Ghosh Arun K, Lv Kai
Department of Chemistry and Department of Medicinal Chemistry, Purdue University, West Lafayette, Indiana, 47906 (USA).
European J Org Chem. 2014 Oct 1;2014(30):6761-6768. doi: 10.1002/ejoc.201402812.

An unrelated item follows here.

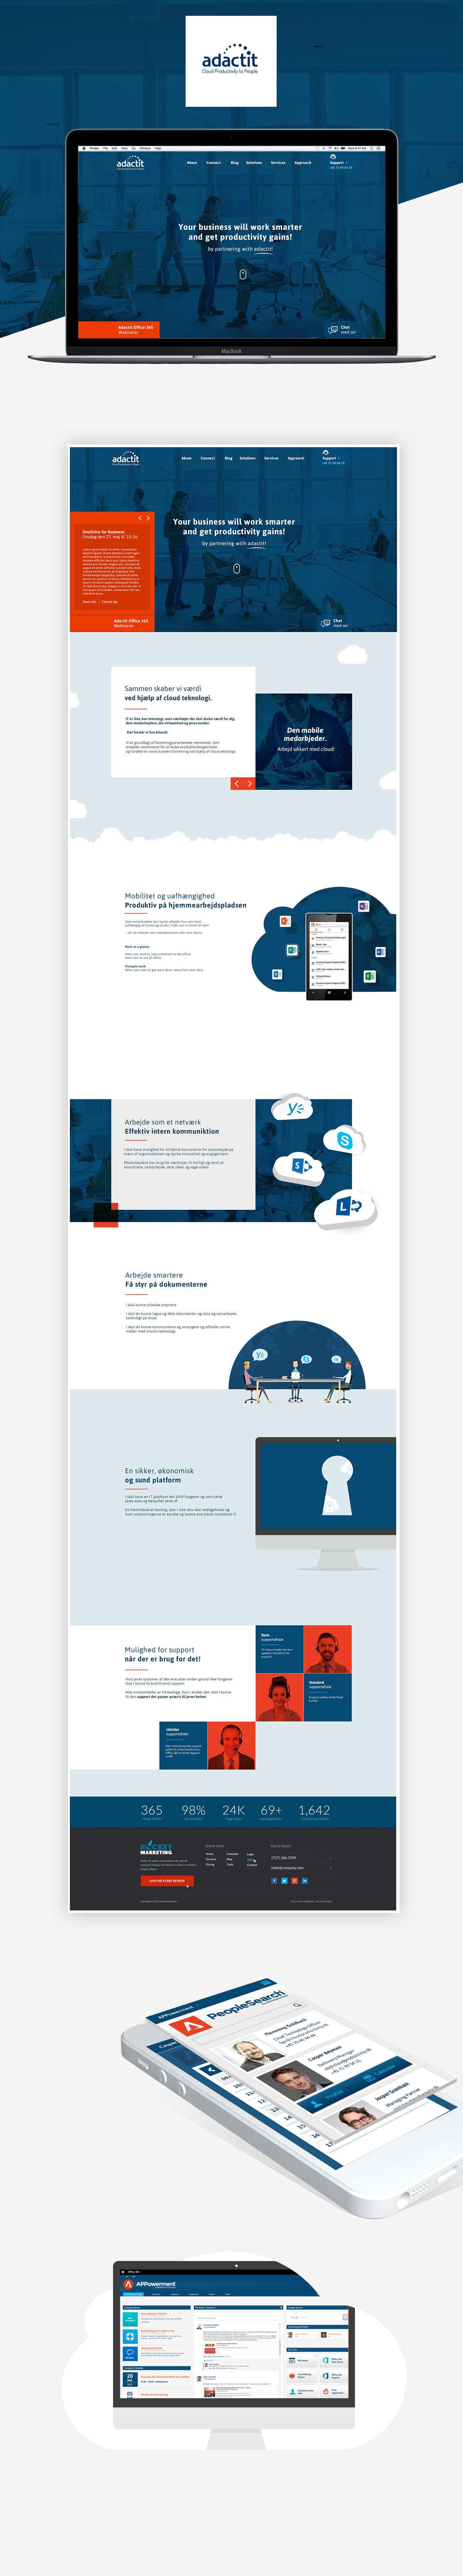 ADACTITbehance_design

A convergent synthesis of carbocyclic sinefungin and its C5 epimer is described. The key features in our synthesis include the use of commercial available L-methionine and readily available (1, 4)-4-hydroxy-2-cyclopentenyl acetate as starting materials, cross-metathesis coupling, enzymatic kinetic resolution and Staudinger reduction. The current synthesis is flexible and therefore provides convenient access to the synthesis of various carbocyclic SIN analogues for biological evaluation.
描述了碳环型西奈芬净及其C5差向异构体的汇聚合成。我们合成中的关键特征包括使用市售的L-甲硫氨酸和易于获得的(1,4)-4-羟基-2-环戊烯基乙酸酯作为起始原料、交叉复分解偶联、酶促动力学拆分和施陶丁格还原。当前的合成方法具有灵活性,因此为合成各种用于生物学评价的碳环型SIN类似物提供了便利途径。